A proposta de Tuvalu de criar o seu gémeo digital no metaverso é uma mensagem em uma garrafa – uma resposta desesperada a uma situação trágica. No entanto, há uma mensagem codificada aqui também, para outros que possam considerar a retirada para o virtual como uma resposta à perda causada pela mudança climática.

O metaverso não é um refúgio

O metaverso é construído na infraestrutura física de servidores, centros de dados, roteadores de rede, dispositivos e monitores montados na cabeça. Toda essa tecnologia tem uma pegada de carbono oculta e requer manutenção física e energia. Uma pesquisa publicada na Nature prevê que a internet consumirá cerca de 20% da eletricidade mundial até 2025.

A ideia da nação metaversa como resposta às alterações climáticas é exatamente o tipo de pensamento que nos trouxe até aqui. A linguagem que é adotada em torno de novas tecnologias – como “computação em nuvem”, “realidade virtual” e “metaverso” – aparece como limpa e verde.

Tais termos estão carregados de “solucionismo tecnológico” e “greenwashing” e escondem o facto de que as respostas tecnológicas às mudanças climáticas muitas vezes exacerbam o problema devido ao uso intensivo de energia e recursos.

Onde fica Tuvalu no meio disto?

Kofe está bem ciente de que o metaverso não é uma resposta para os problemas de Tuvalu e afirma explicitamente que precisamos de nos concentrar na redução dos impactos das alterações climáticas através de iniciativas como um tratado de não proliferação de combustíveis fósseis.

O seu vídeo sobre a mudança de Tuvalu para o metaverso é um grande sucesso enquanto provocação. Ganhou a imprensa mundial – assim como o seu apelo comovente durante a COP26, enquanto estava com água até os joelhos.

No entanto, Kofe sugere:

“Sem uma consciência global e um compromisso global com o nosso bem-estar partilhado, podemos encontrar o resto do mundo a juntar-se a nós online enquanto as  suas terras desaparecem”.

É perigoso acreditar, mesmo que implicitamente, que a mudança para o metaverso seja uma resposta viável às mudanças climáticas. O metaverso certamente pode ajudar a manter vivos o património e a cultura como um museu virtual e uma comunidade digital. Mas parece improvável que funcione como um substituto ao Estado-naçãoo.

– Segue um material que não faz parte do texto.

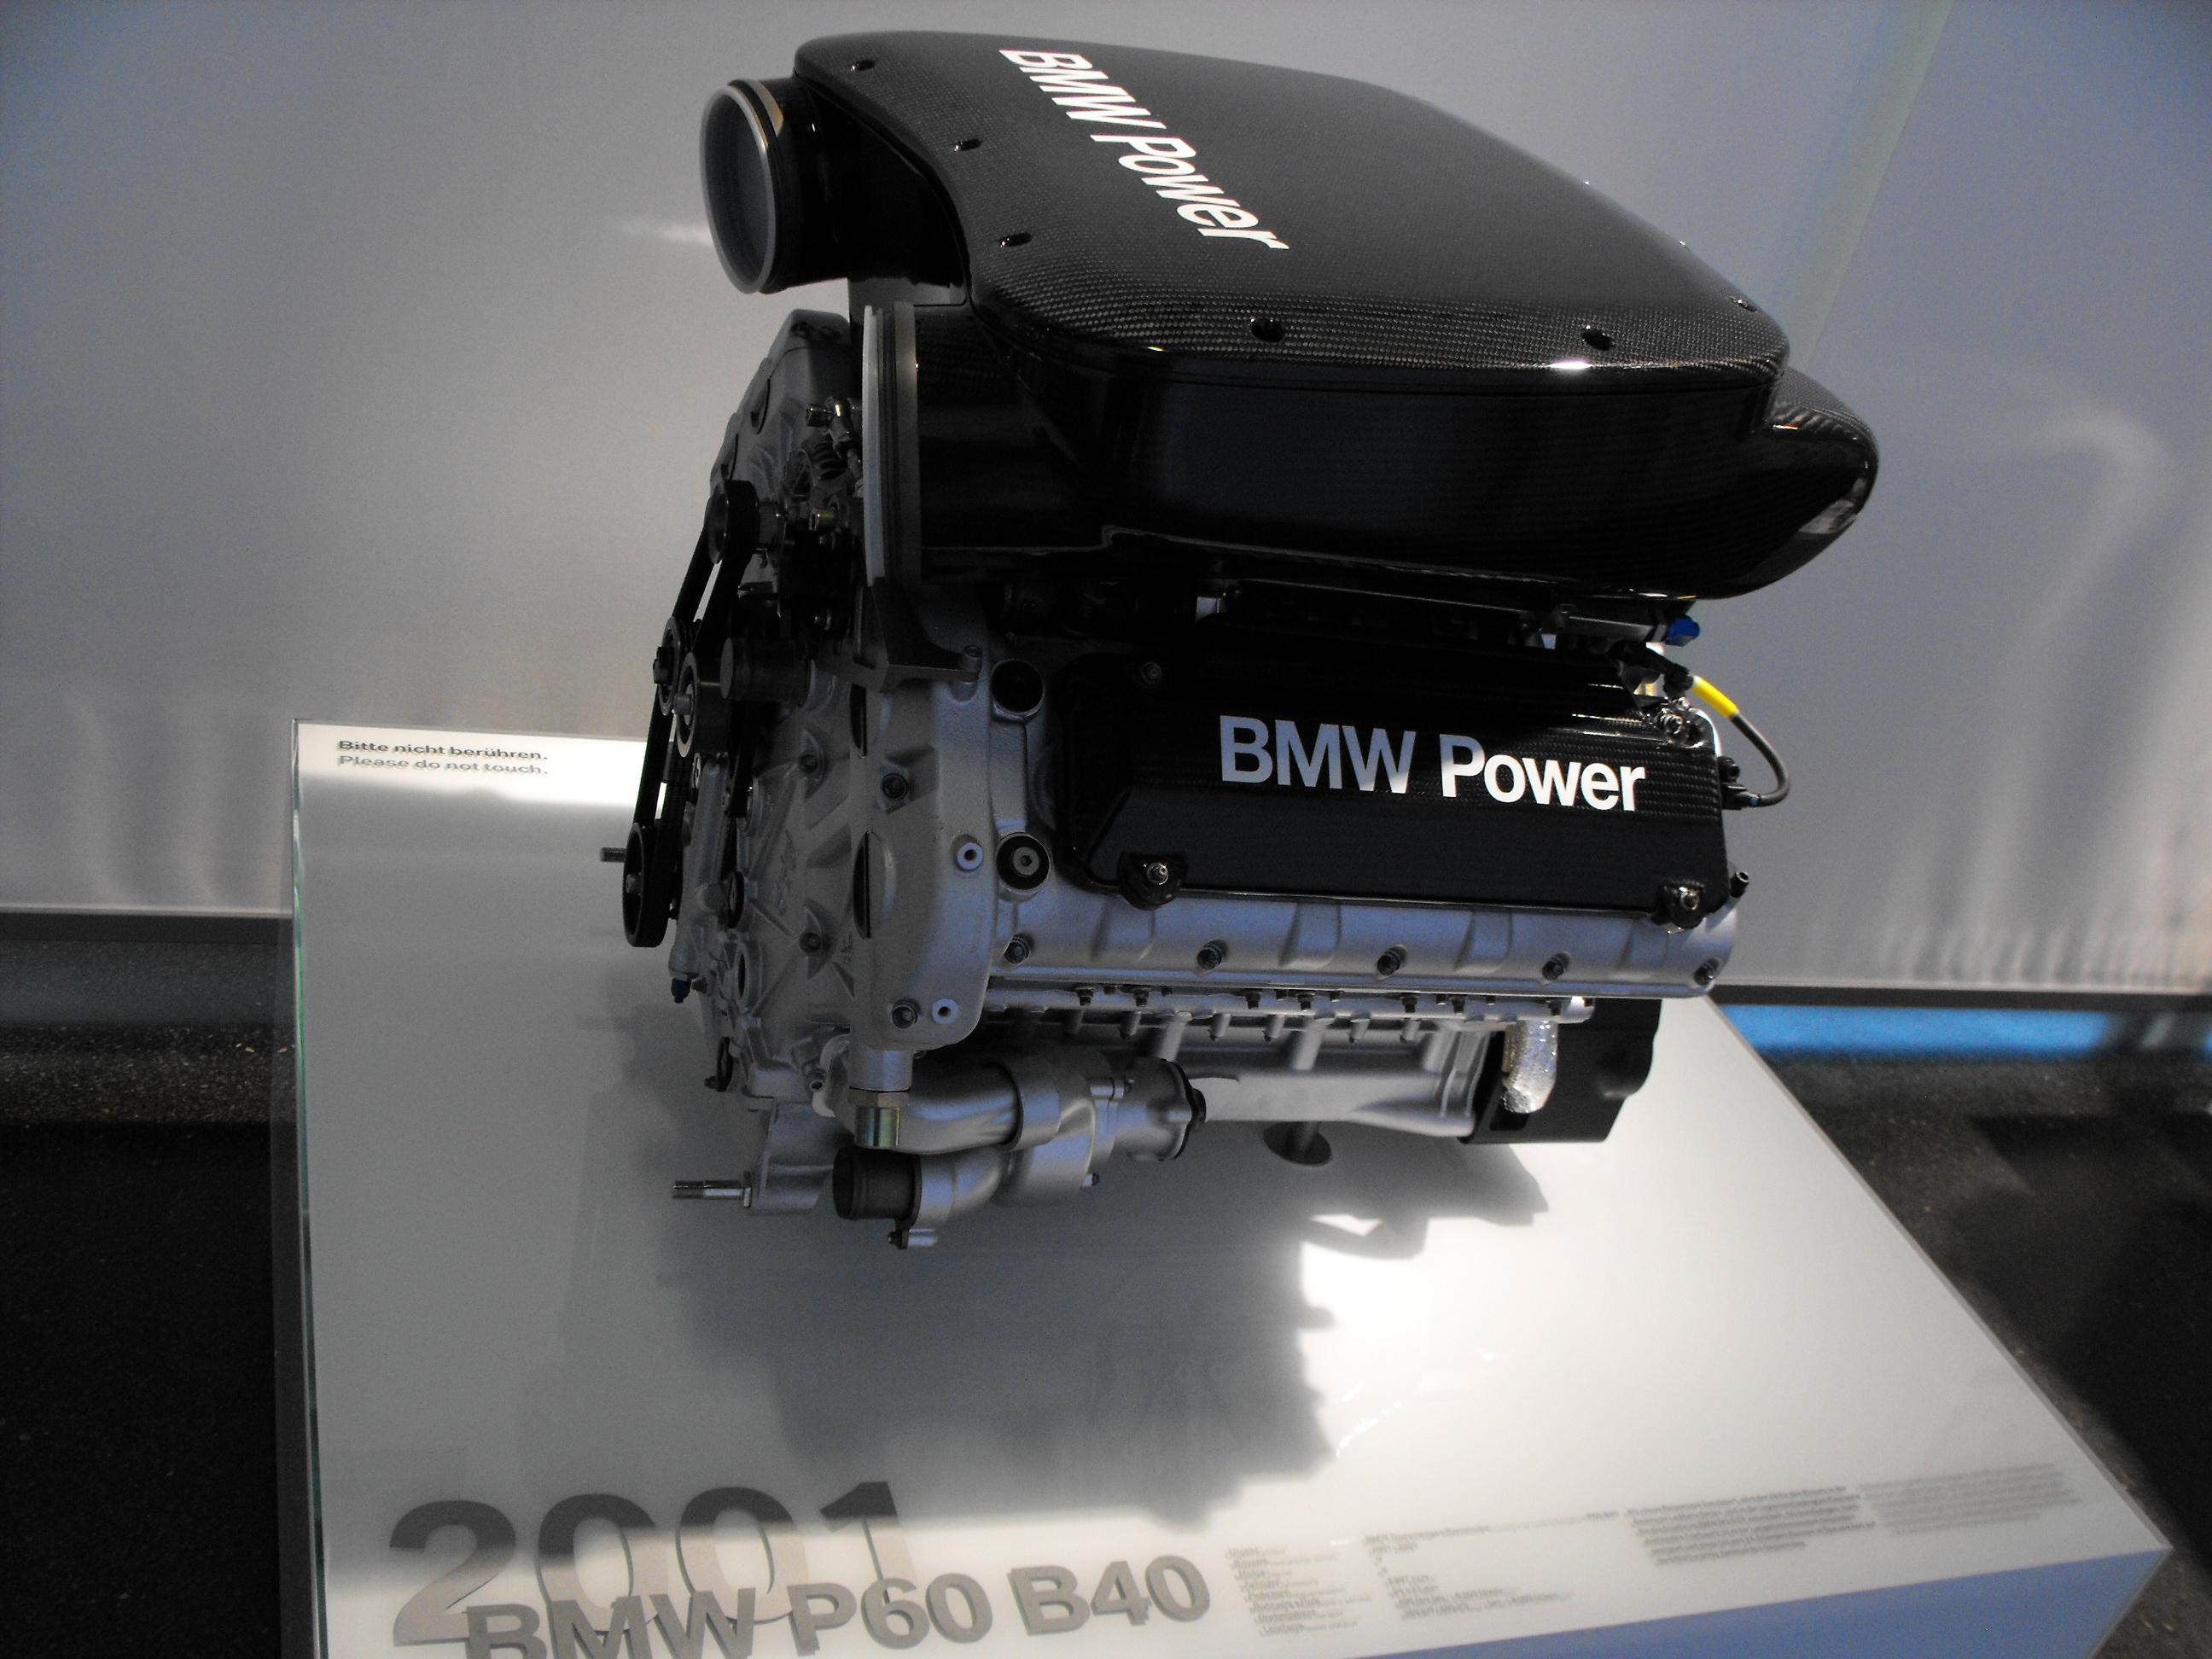 BMW_P60_B40.jpg

E, de qualquer forma, certamente não funcionará sem todo o terreno, infraestrutura e energia que mantém a internet a funcionar.

Seria muito melhor direcionarmos a atenção internacional para outras iniciativas de Tuvalu descritas no mesmo relatório:

A primeira iniciativa do projeto promove a diplomacia baseada nos valores tuvaluanos de olaga fakafenua (sistemas de vida comunitária), kaitasi (responsabilidade partilhada) e fale-pili (ser um bom vizinho), na esperança de que estes valores motivem outras nações a entender a sua responsabilidade para enfrentar as alterações climáticas e o aumento do nível do mar para alcançar o bem-estar global.

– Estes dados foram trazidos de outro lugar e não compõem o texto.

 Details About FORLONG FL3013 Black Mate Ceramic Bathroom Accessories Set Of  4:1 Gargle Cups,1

A mensagem numa garrafa enviada por Tuvalu não é realmente sobre as possibilidades das nações do metaverso. A mensagem é clara: apoiar os sistemas de vida comunitária, assumir responsabilidades partilhadas e ser um bom vizinho.

O primeiro deles não pode ser traduzido para o mundo virtual. A segunda exige que consumamos menos, e a terceira exige que nos cuidemos.